Hay pedazos de la vida de uno que son tan personales que, invariablemente, son los que más se pueden criticar. Porque dependen únicamente del gusto de uno y, como cada quien es diferente, da paso a que a muchos no les guste. Tiene que ver con la pertenencia y la identidad. Cuesta tener una idea sana de uno mismo sin relacionarla con los demás y allí viene el jueguito entre ser diferente y ser igual. La música que escuchamos, por ejemplo, nos acerca a cierto grupo de personas de forma automática y nos hace pensar que somos una tribu. A las tribus no se las come el tigre tan fácil. Pero de allí a juzgar a los demás es pasar de una compañía beneficiosa a ser parte de un rebaño que lo va a sacar a uno si no es igual.
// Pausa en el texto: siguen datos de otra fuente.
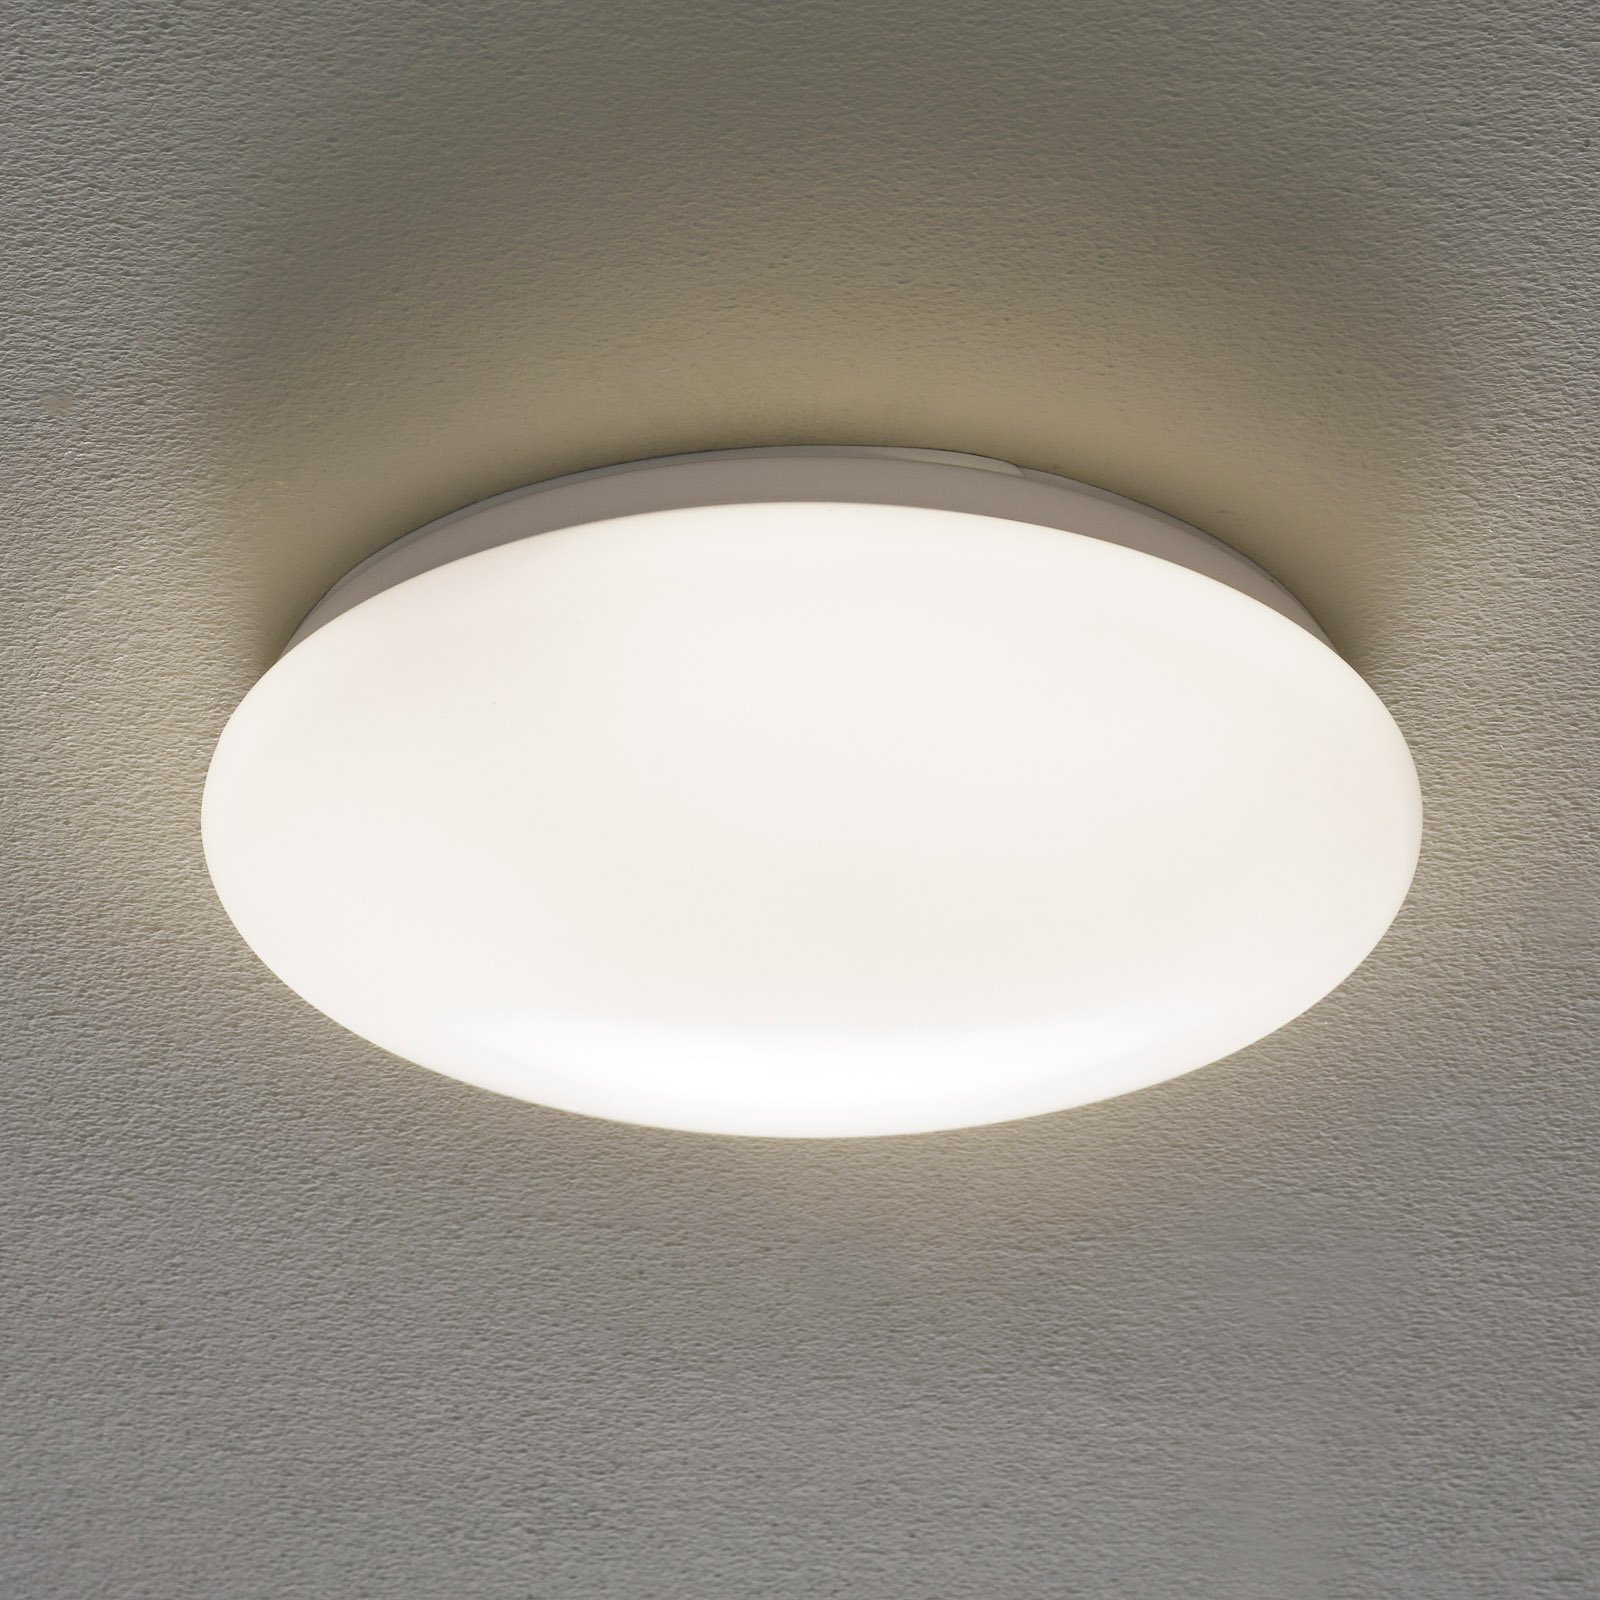 Altona LED ceiling light Ø 27,6 cm 950 lm 4,000K
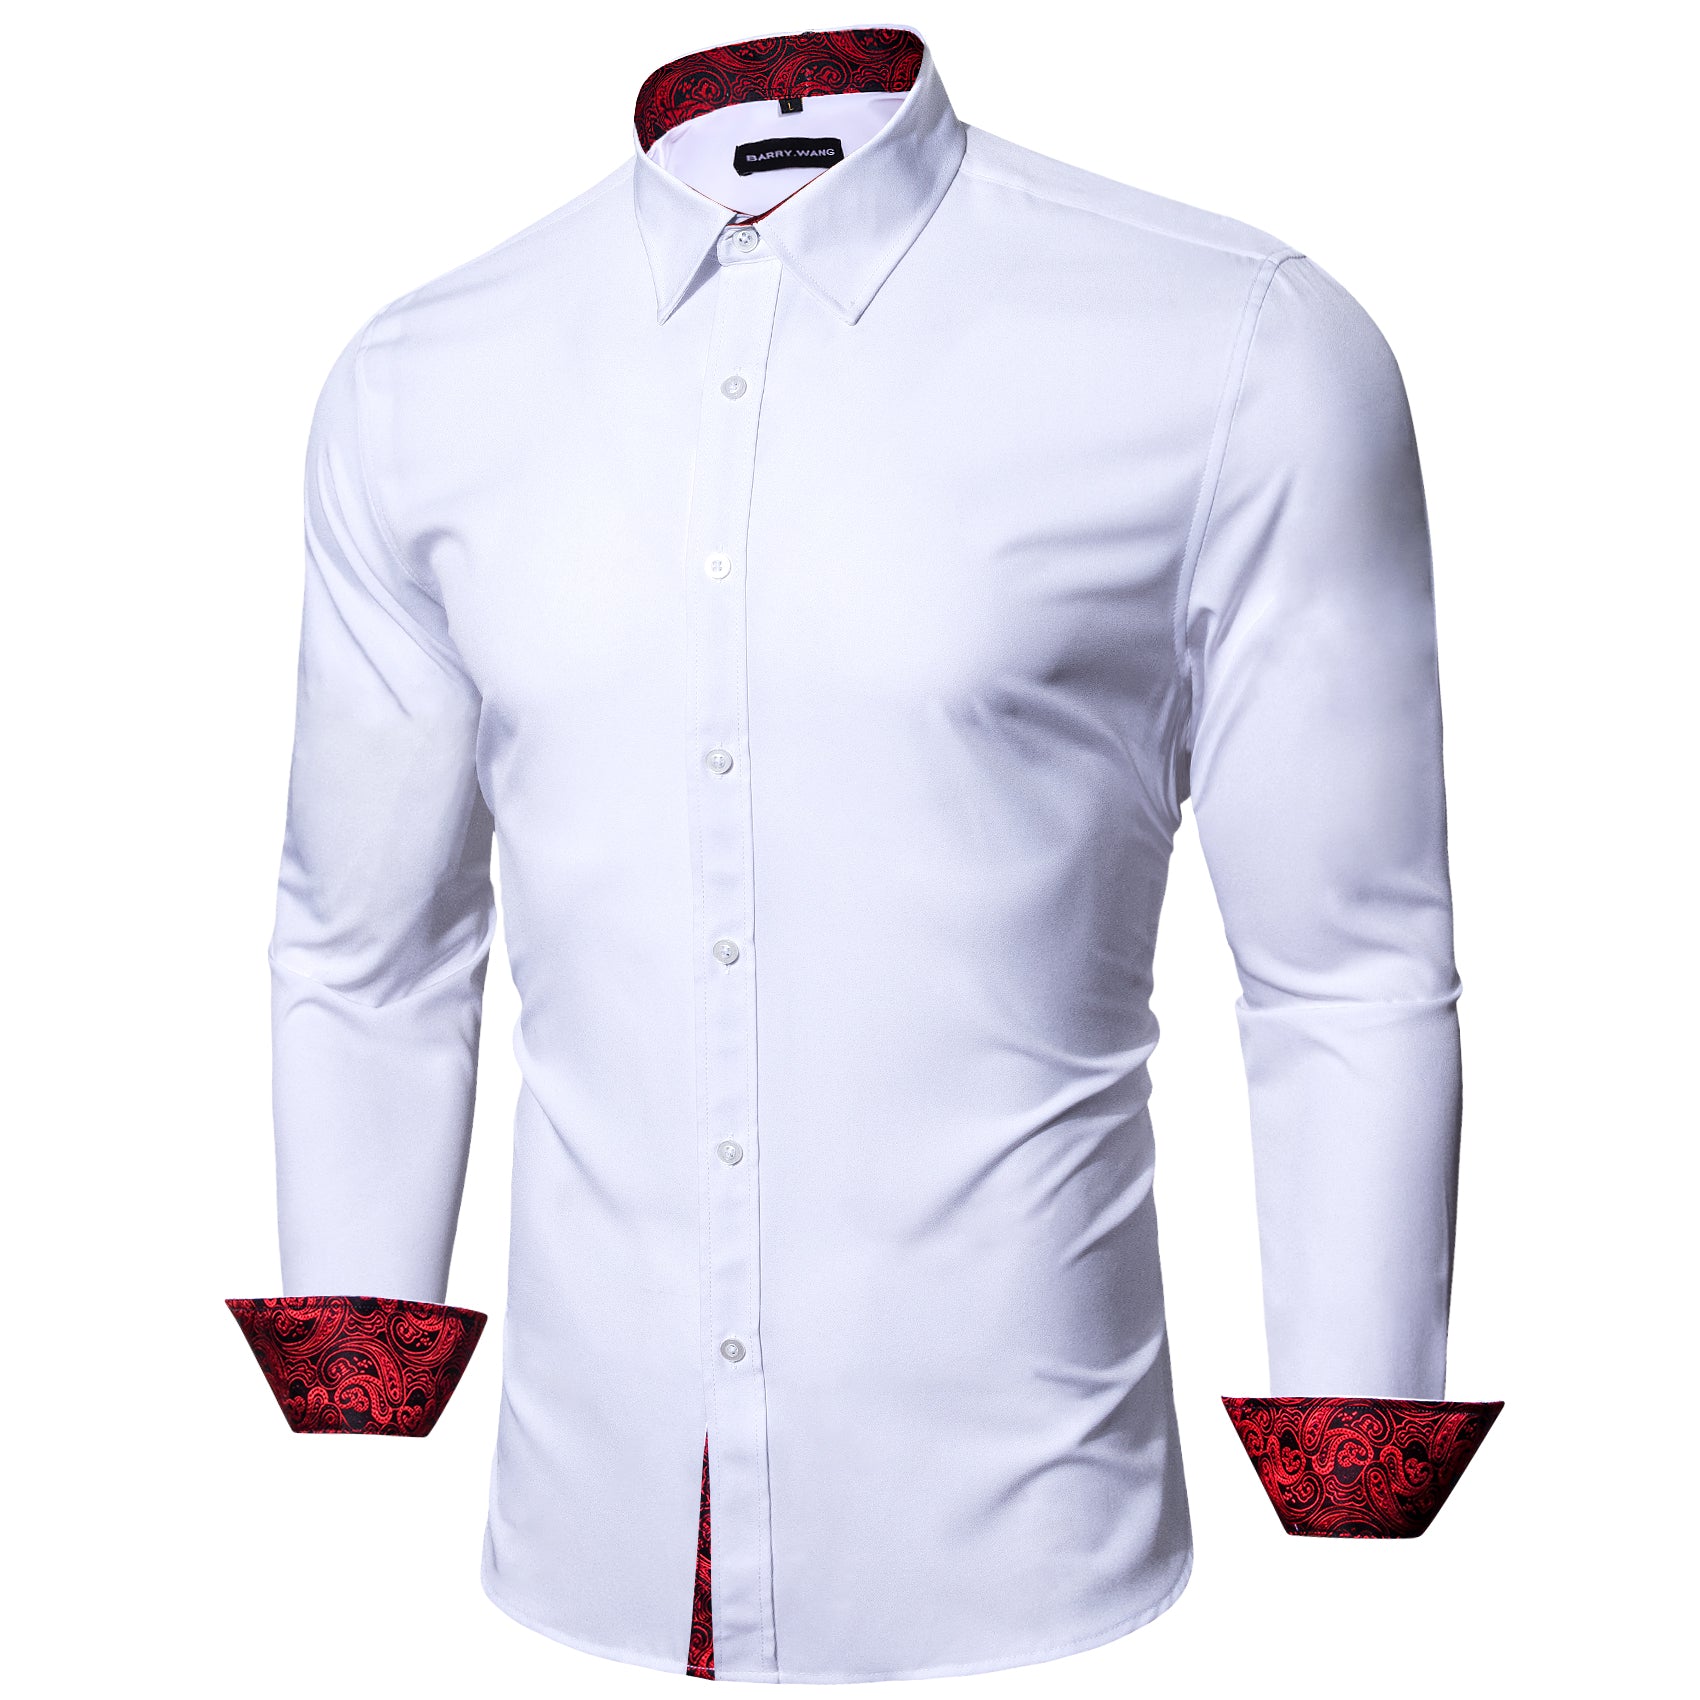 Barry.wang Fromal White Red Splicing Men's Shirt

Como todo. Es complicado. Yo sigo poniendo las canciones que me gustan. Al menos ya las separo por años.

Se me olvidó

Tenía una idea genial para un cuento. Me senté a escribirlo y se me diluyó la inspiración mejor que cadáver en ácido. No quedaron ni los dientes. Con lo que me cuesta encontrar el texto para escribirlo… No es la primera vez que me sucede. Y es que casi siempre escribo cosas en mi cerebro, pero me tardo en ponerlo afuera en palabras para los demás. En ese ir y venir, se escapan algunos. Tal vez regresan mejorados, pero me temo que no. Simplemente se van, ofendidos por no haber sido concretados antes.

Las cosas tienen una temporalidad muy particular. Los favores que pedimos, los cariños que damos, los recuerdos que volvemos a vivir. Me gusta ponerle día y hora a las cosas que pido, porque sé cuándo contar con eso. No siempre funciona. Tiendo entonces a hacerlo mejor yo, pero tengo que aprender a que no sea de mal modo. No soy dueña del tiempo de los demás y sólo yo le pongo la misma importancia a mis cosas. Un tercero no. Es lógico. Son mis cosas, no las suyas.

Pareciera que mis ideas también tienen un sentido abultado de su propia importancia y prefieren irse ofendidas que esperar. Lo bueno es que detrás vienen otras en fila y a más de alguna atrapo en el momento indicado.

Salvo hoy, que sé que la idea era buena y ya no la encuentro. ¿Ustedes se acuerdan qué iba a escribir?

Las tardes de domingo en casa

El viernes ni acuerdo qué hicimos y el sábado fuimos a una boda de gente poco conocida, pero apreciada. Vestido nuevo, zapatos altos/bellos/incómodos, peinado de salón y maquillaje. Terminamos en el cine. Fin de semana normal. Pero hoy. Hoy hubo desayuno fuera y almuerzo en casa. De esos que se alargan hasta las cuatro de la tarde y dos botellas de vino. Con la compañía de una amiga querida, muy querida, de las que te conocen y te quieren porque te entienden. Entraña, espárragos, tostones. Churrasquera con carbón, como Dios (diosa, Zeus, Isis, Afrodita, Venus…) manda. Y pastel de chocolate. De esos que te hacen desear ser gordo sin remordimientos, tres capas de decadencia unidas por una crema chocolatosa y naranjosa, cubierto de esa maravilla de capa de chocolate como crema batida espesa. No pude comer más que un pedazo pequeño. Hubo sol y comimos en la pérgola que insistí sacarme derribando las paredes de un cuarto que fue de mis papás y luego de mis hijos y ahora de mis hamacas y amigos. Cociné yo. Porque me gusta y porque demuestro así mi cariño, nos es cuestión de besar a todos mis amigos. Las tardes de domingo me dan tregua de lluvia y viento, sale el sol y hay comida rica y buena compañía. Es lo más cerca de agendar la felicidad que he encontrado.